Don Nina también era domador y muchos
potros-cerriles de convirtieron en manso silloneros,
después que el gaucho seguro de sí mismo,
asentaba sus 120 kilos sobre el lomo del redomón,
que además de su peso sentía en la boca
la firme rudeza de su mano fuerte. Carneaba una res,
lo mismo que sobaba una lonja o trenzaba un lazo, para
dominar los animales que se elevaban del amplio predio
de la finca. Cierta vez en la Silleta, trataban dos
ganaderos sobre la compra venta de unas tamberas que
habían sido encerradas en el corral. Don Nina
observaba en silencio apoyado en el alambrado, mientras
apartaban los animales para apreciar la alzada y demás
características de cada uno. Llegó el
momento en que había que inmovilizar una tambera
y un peón armado de un lazo, se aprestó
a capturarla. Don Nina parsimoniosamente entró
al corral meneando la cabeza, al tiempo que decía:"
no hay que estropear los animales para esto, se los
para así...", y uniendo la acción
a la palabra, con una mano atrapó una tambera
tomándola de la cola y de un justo cimbrón
hizo detener en seco al animal, que quedo inmovilizado.
Su peso, su fuerza y su destreza, unidas así,
vencieron los trescientos kilos de la tambera, sin que
se notara en el rostro del gaucho el menor gesto que
denotara un esfuerzo exagerado.
Siempre le preocuparon los peones chilenos
que solían llegar desde el otro lado de la cordillera.

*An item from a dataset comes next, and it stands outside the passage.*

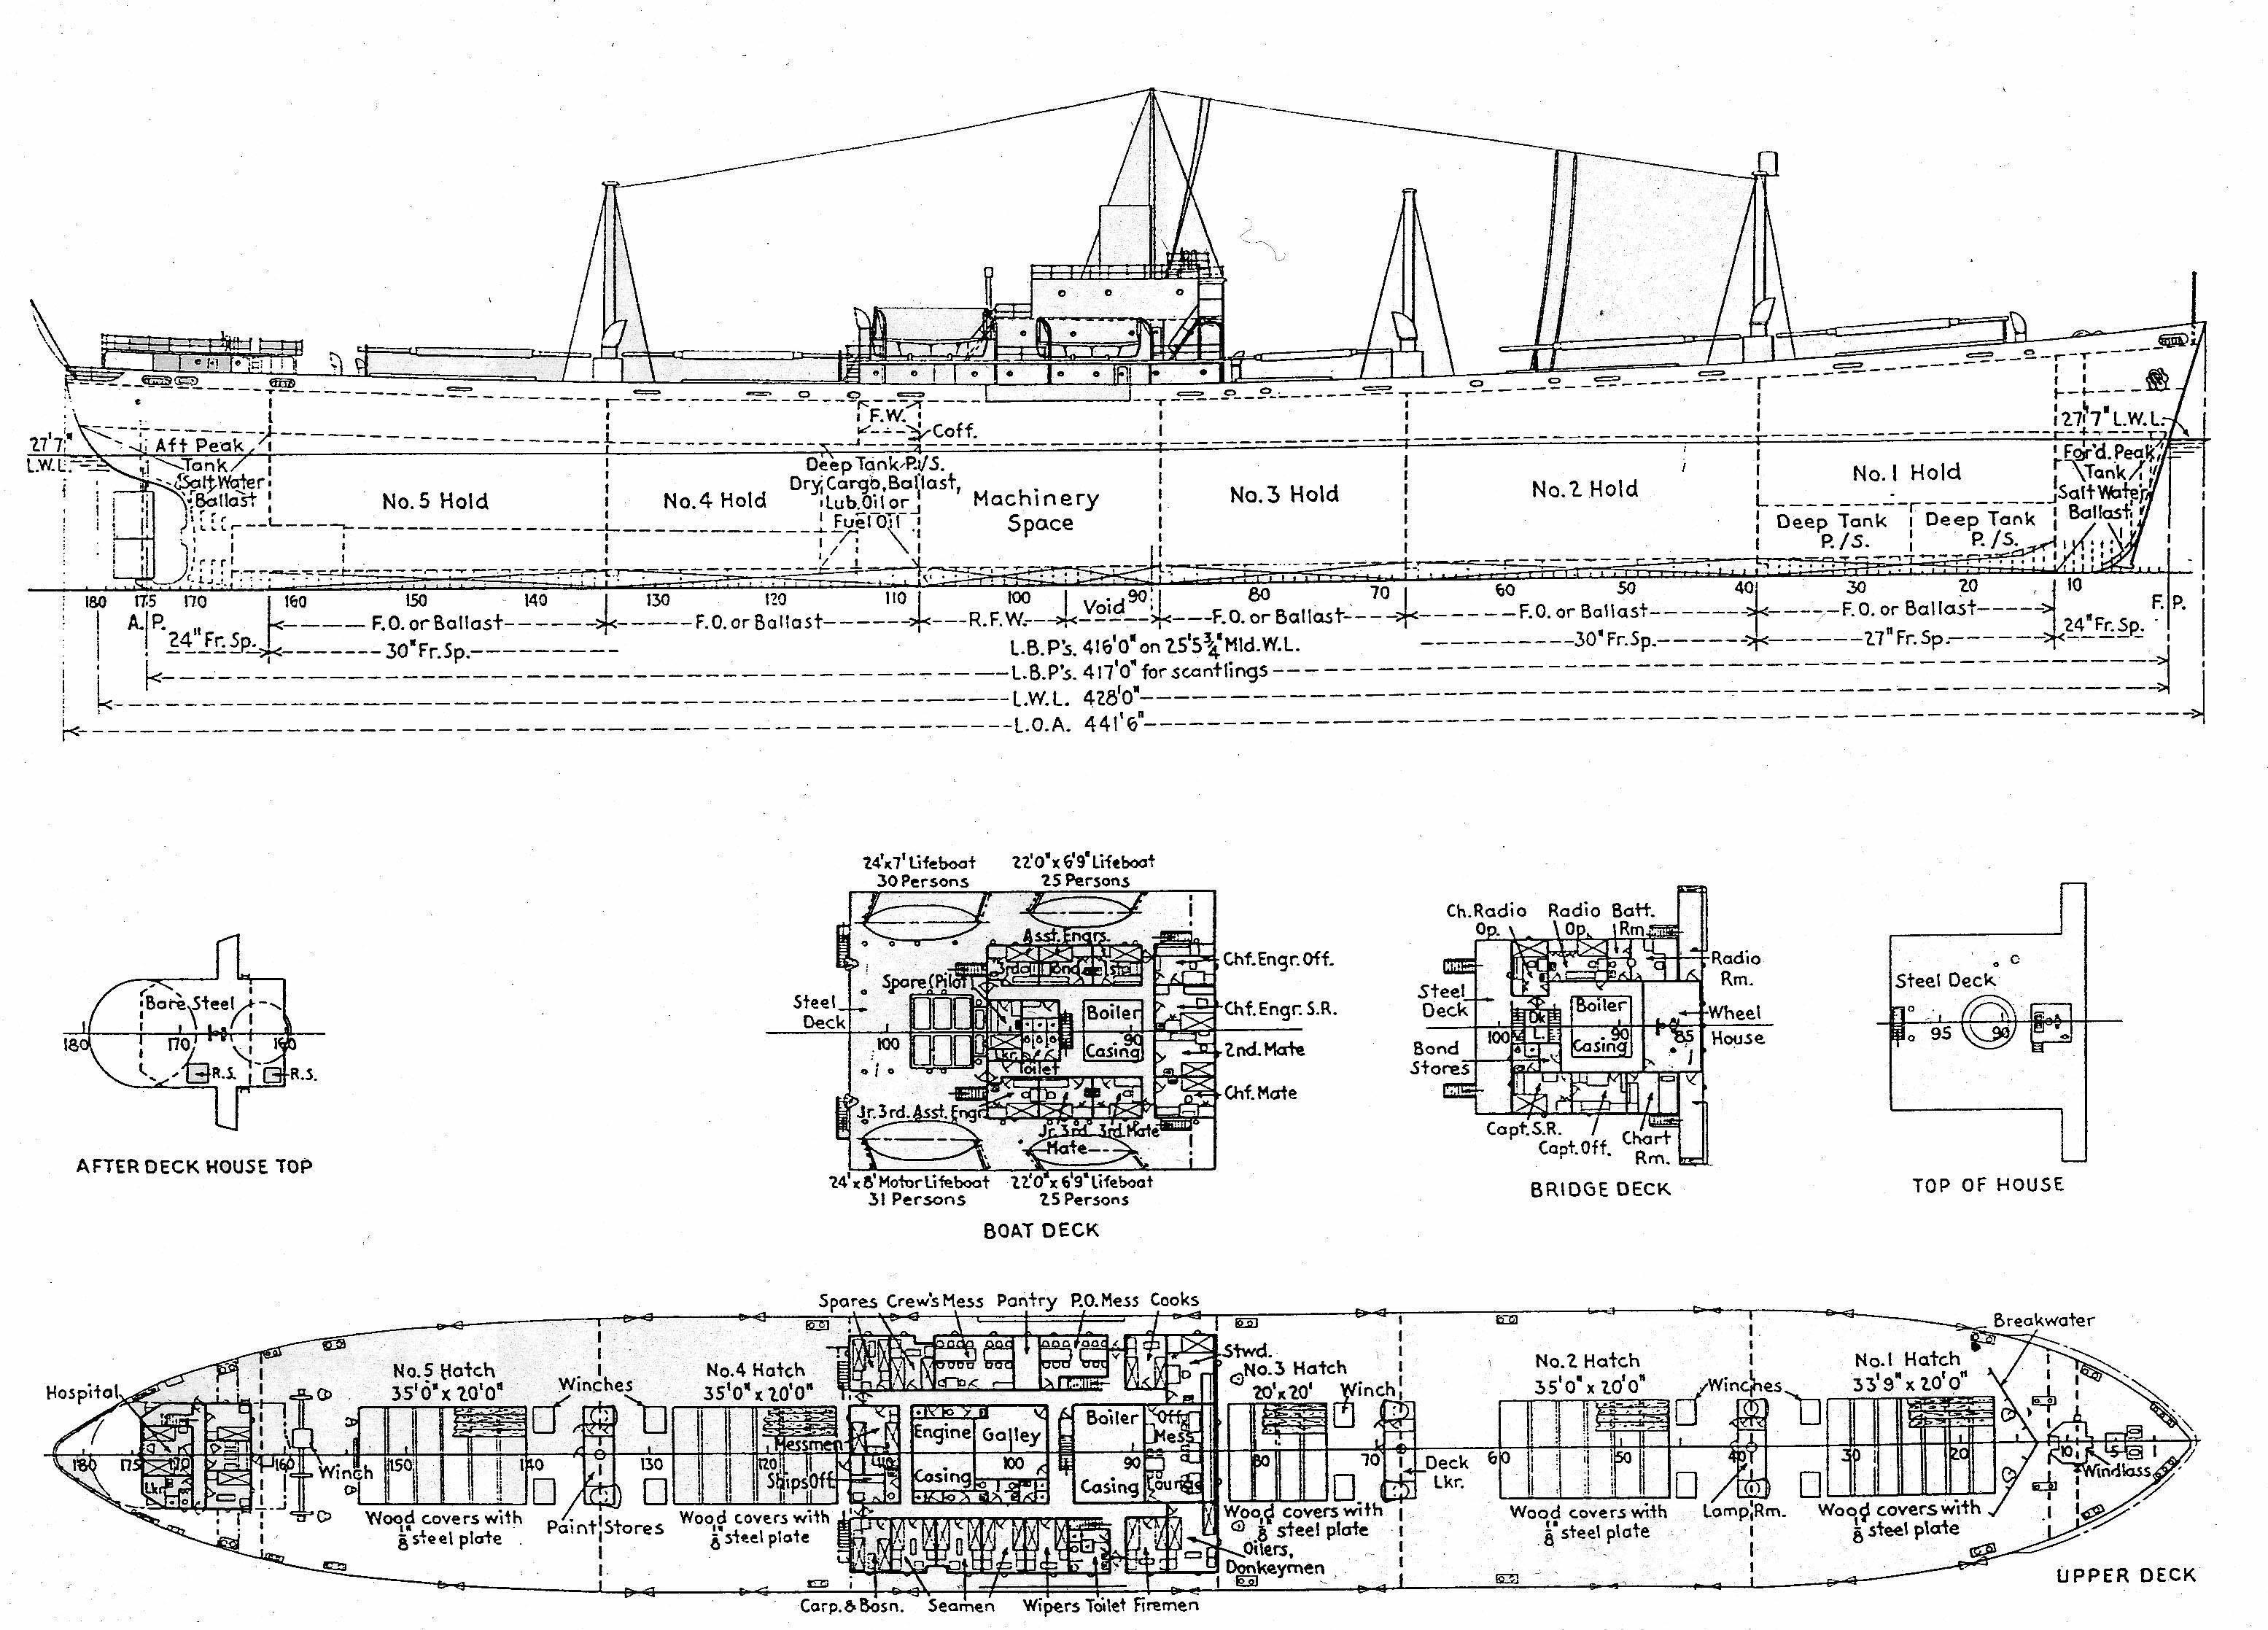 liberty ship diagram steamships ocean going 1900 1943. Black Bedroom Furniture Sets. Home Design Ideas

Despectivos, ociosos y borrachos, constituían
siempre un motivo de escándalo o de inquietud
entre el desperdigado vecindario. Cierta vez un grupo
de cuatro de estos individuos anduvieron cometiendo
tropelías por la zona. Don Nina se tragó
su rabia un tiempo, hasta que no pudo dominarse. Salió
a buscarlos y no tardó en encontrarlos. La situación
se aclaró unos quince días después,
lapso que se necesitó para que el revoltoso cuarteto
se repusiera de las contusiones y conmociones que sufriera,
cuando tratara de enfrentar a don Nina. Continuó
como siempre su vida campesina, solitaria y serena de
todas las jornadas de su vida de gaucho honesto, corajudo
y fuerte.
Los años no lo doblegaron, ni mostró
su silueta encorvada sobre el viejo apero salteño.
Fue algo rápido, la fatiga le comenzó
a agitar el pecho y sus movimientos obligadamente se
tornaron más lentos. Un día no pudo abandonar
el catre de tientos y quedó mirando el rayo de
sol que penetraba por la estrecha ventana triangular,
que el mismo abriera cuando levantó su rancho.
Allí expiró en silencio, sin quejas ni
lamentos.
El sepelio se hizo en el cementerio de La
Silleta a unos kilómetros de su rancho y el rústico
ataúd con sus restos, llegó hasta el camposanto,
en una carreta de bueyes que llevaba un verde cargamento
de sandías, que ese día asoleado sonde
iba despidiéndose el verano semejaron las coronas
de flores, que suelen acompañar el recorrido
fúnebre hacia la última morada del extinto.